----- Collected material -----
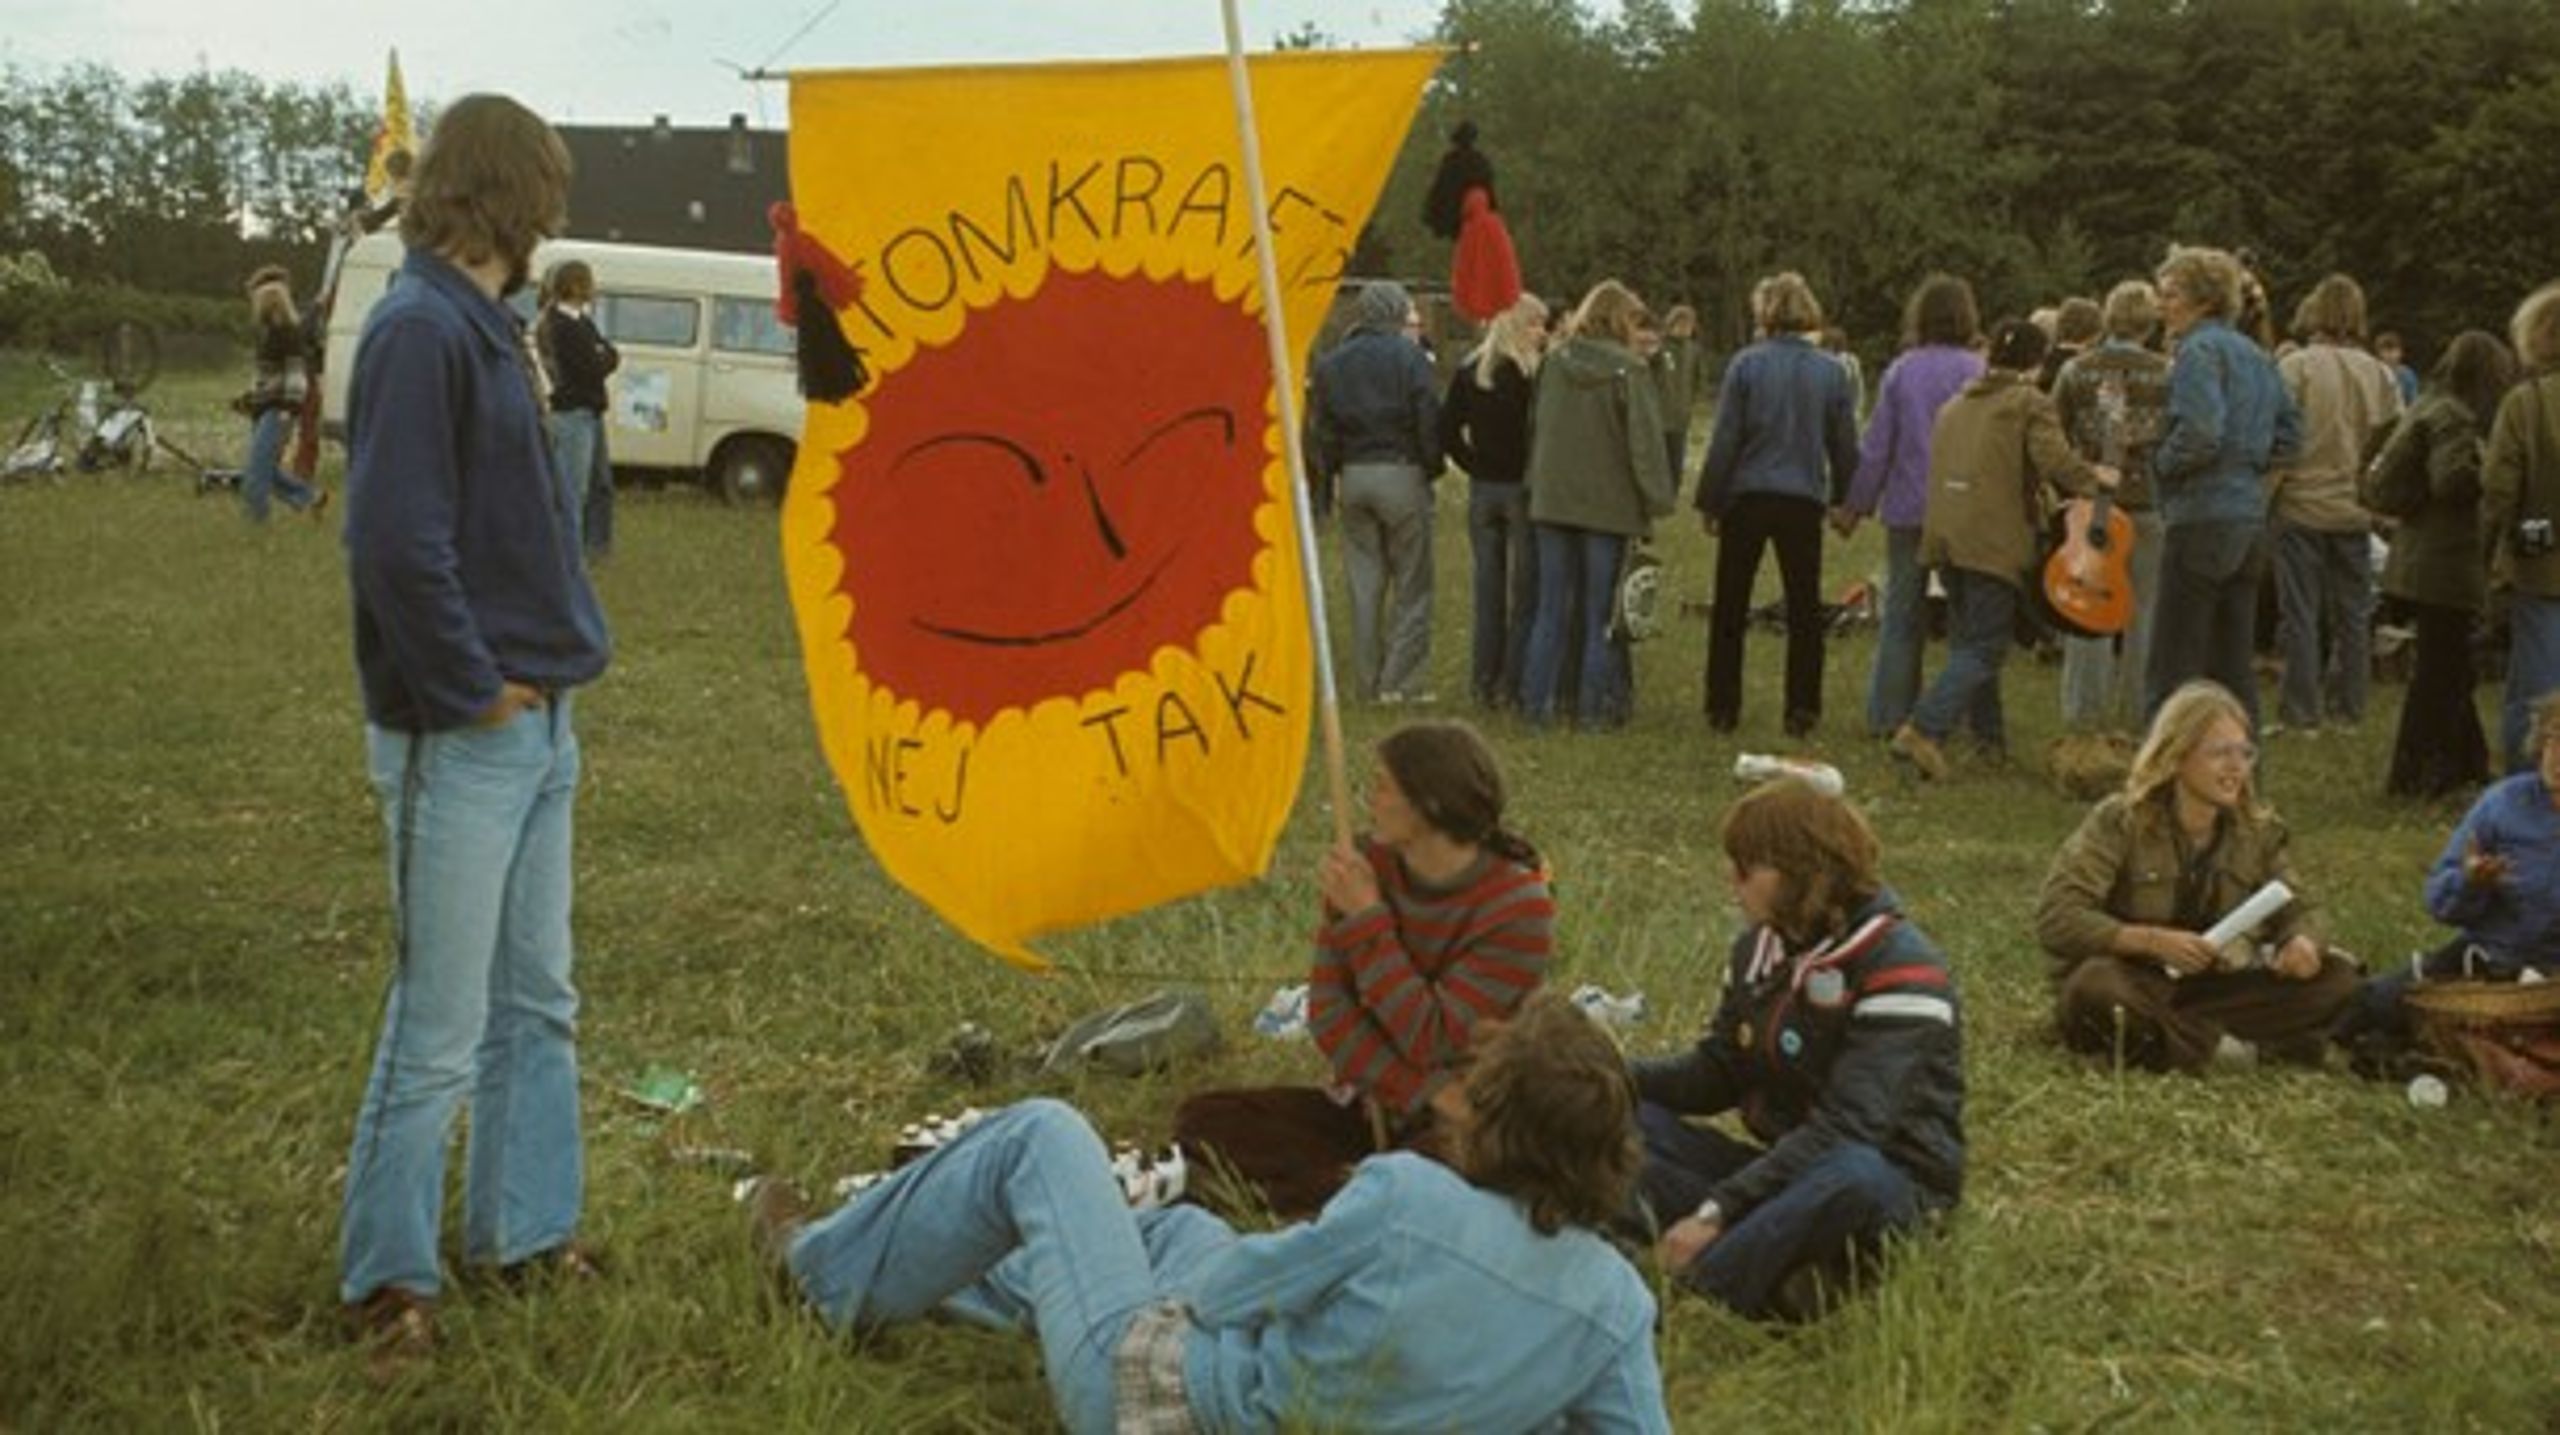 I Danmark har atomkraft været et af de største tabuer i dansk politik siden venstrefløjen i 70'erne gik på gaden under parolen "Atomkraft - nej tak".
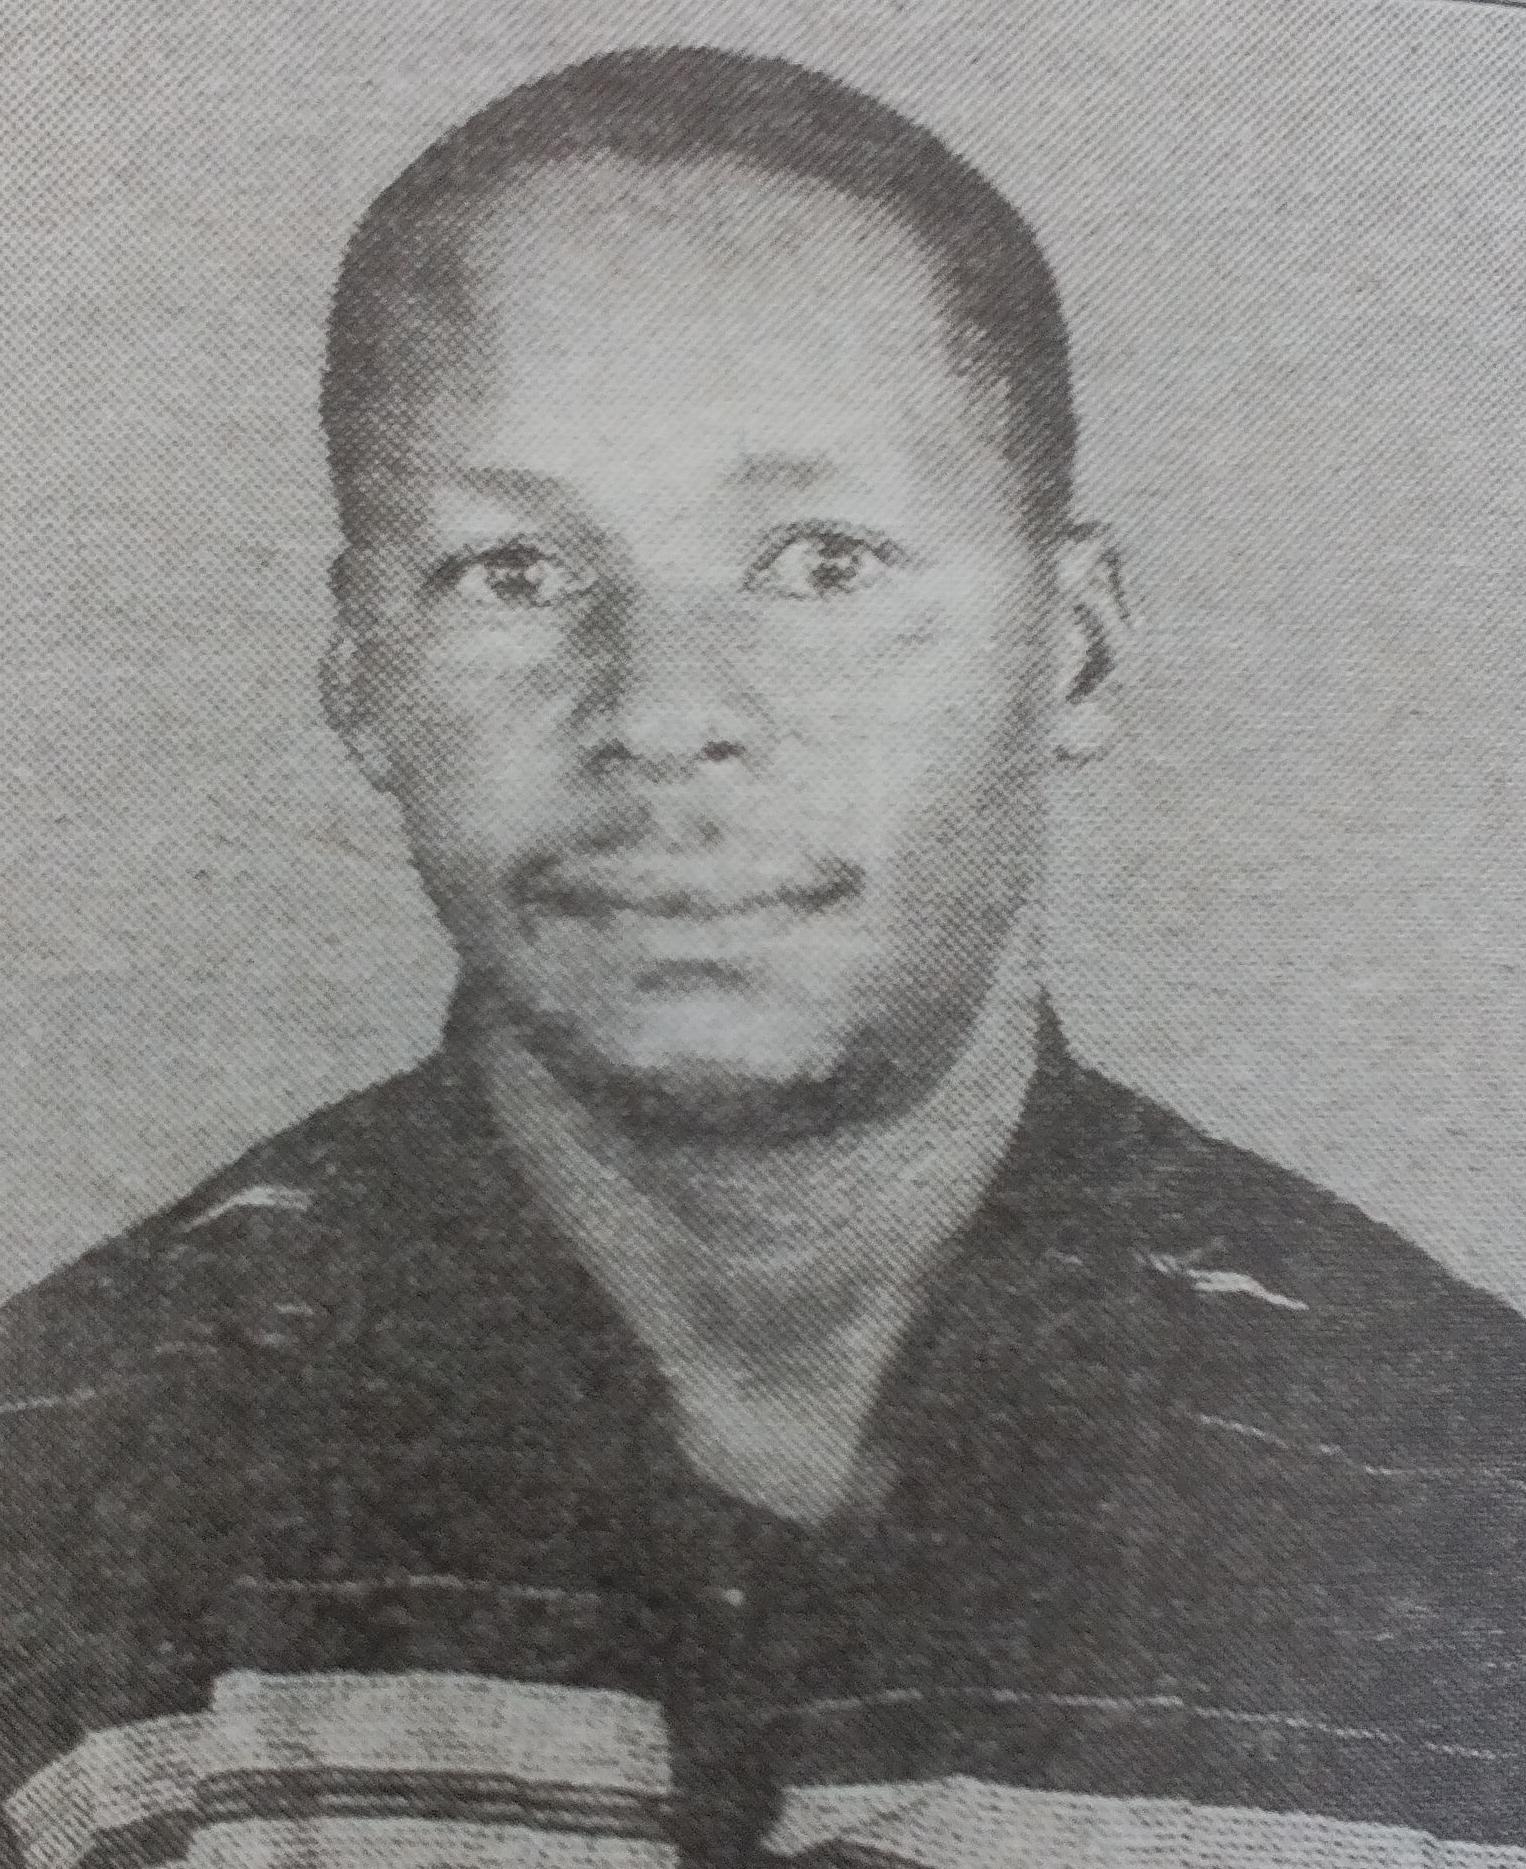 Obituary Image of Simon Maina (Musimo) aka Richman
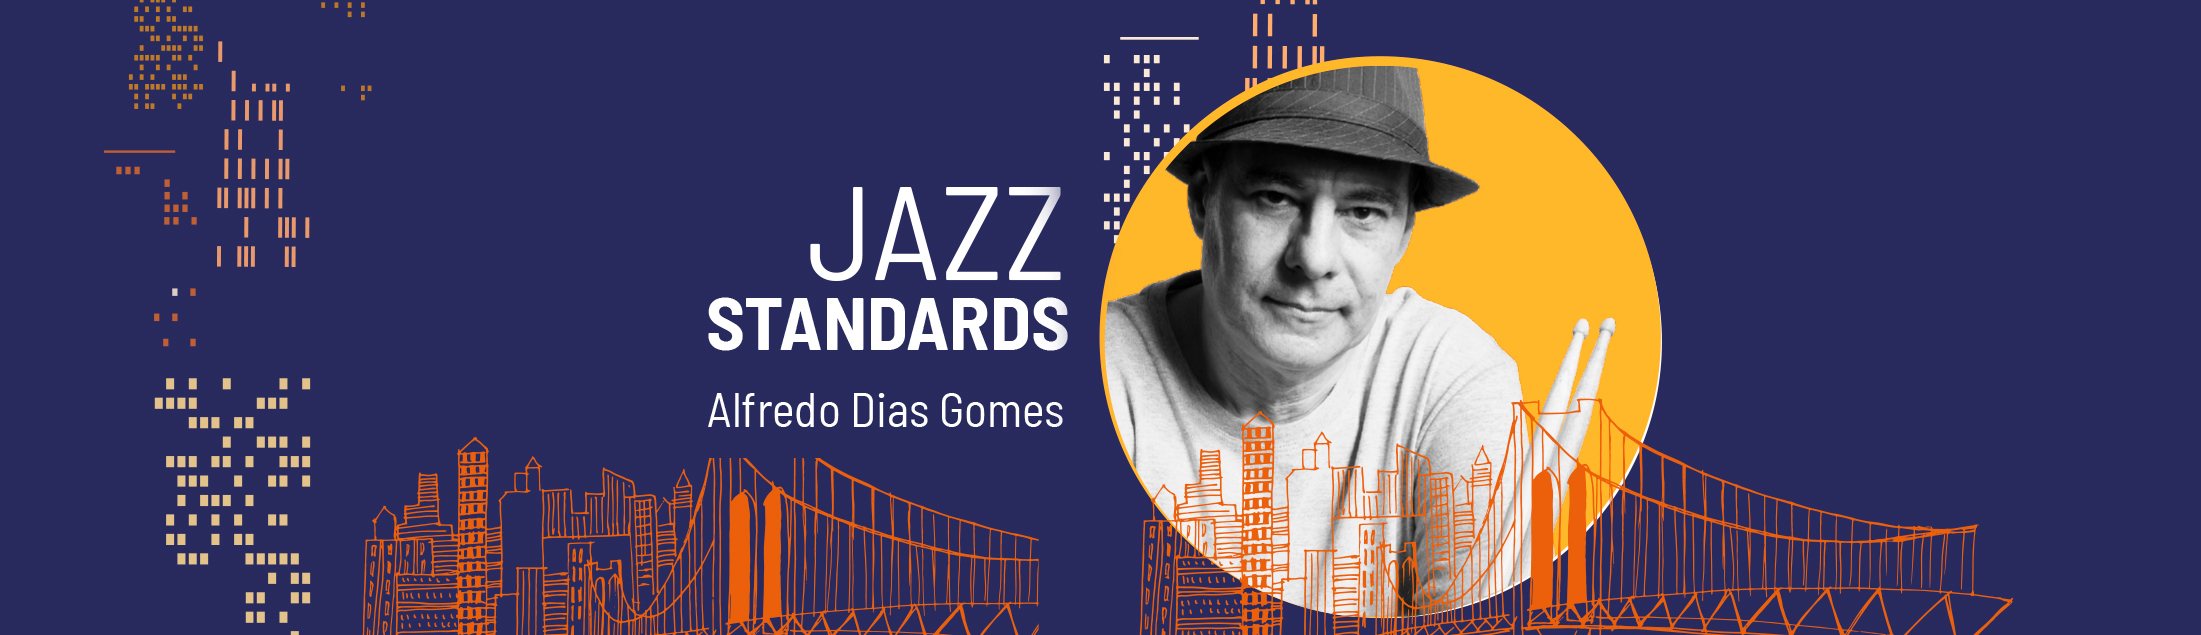 Alfredo Dias Gomes lança seu primeiro disco totalmente dedicado ao jazz
-----
### Exercise
Only the lines from the one containing "Obituary Image of" through the final line of the data are to be written out, exactly as they stand and without pictures.

### Exercise solution
 Obituary Image of Simon Maina (Musimo) aka Richman
 Alfredo Dias Gomes lança seu primeiro disco totalmente dedicado ao jazz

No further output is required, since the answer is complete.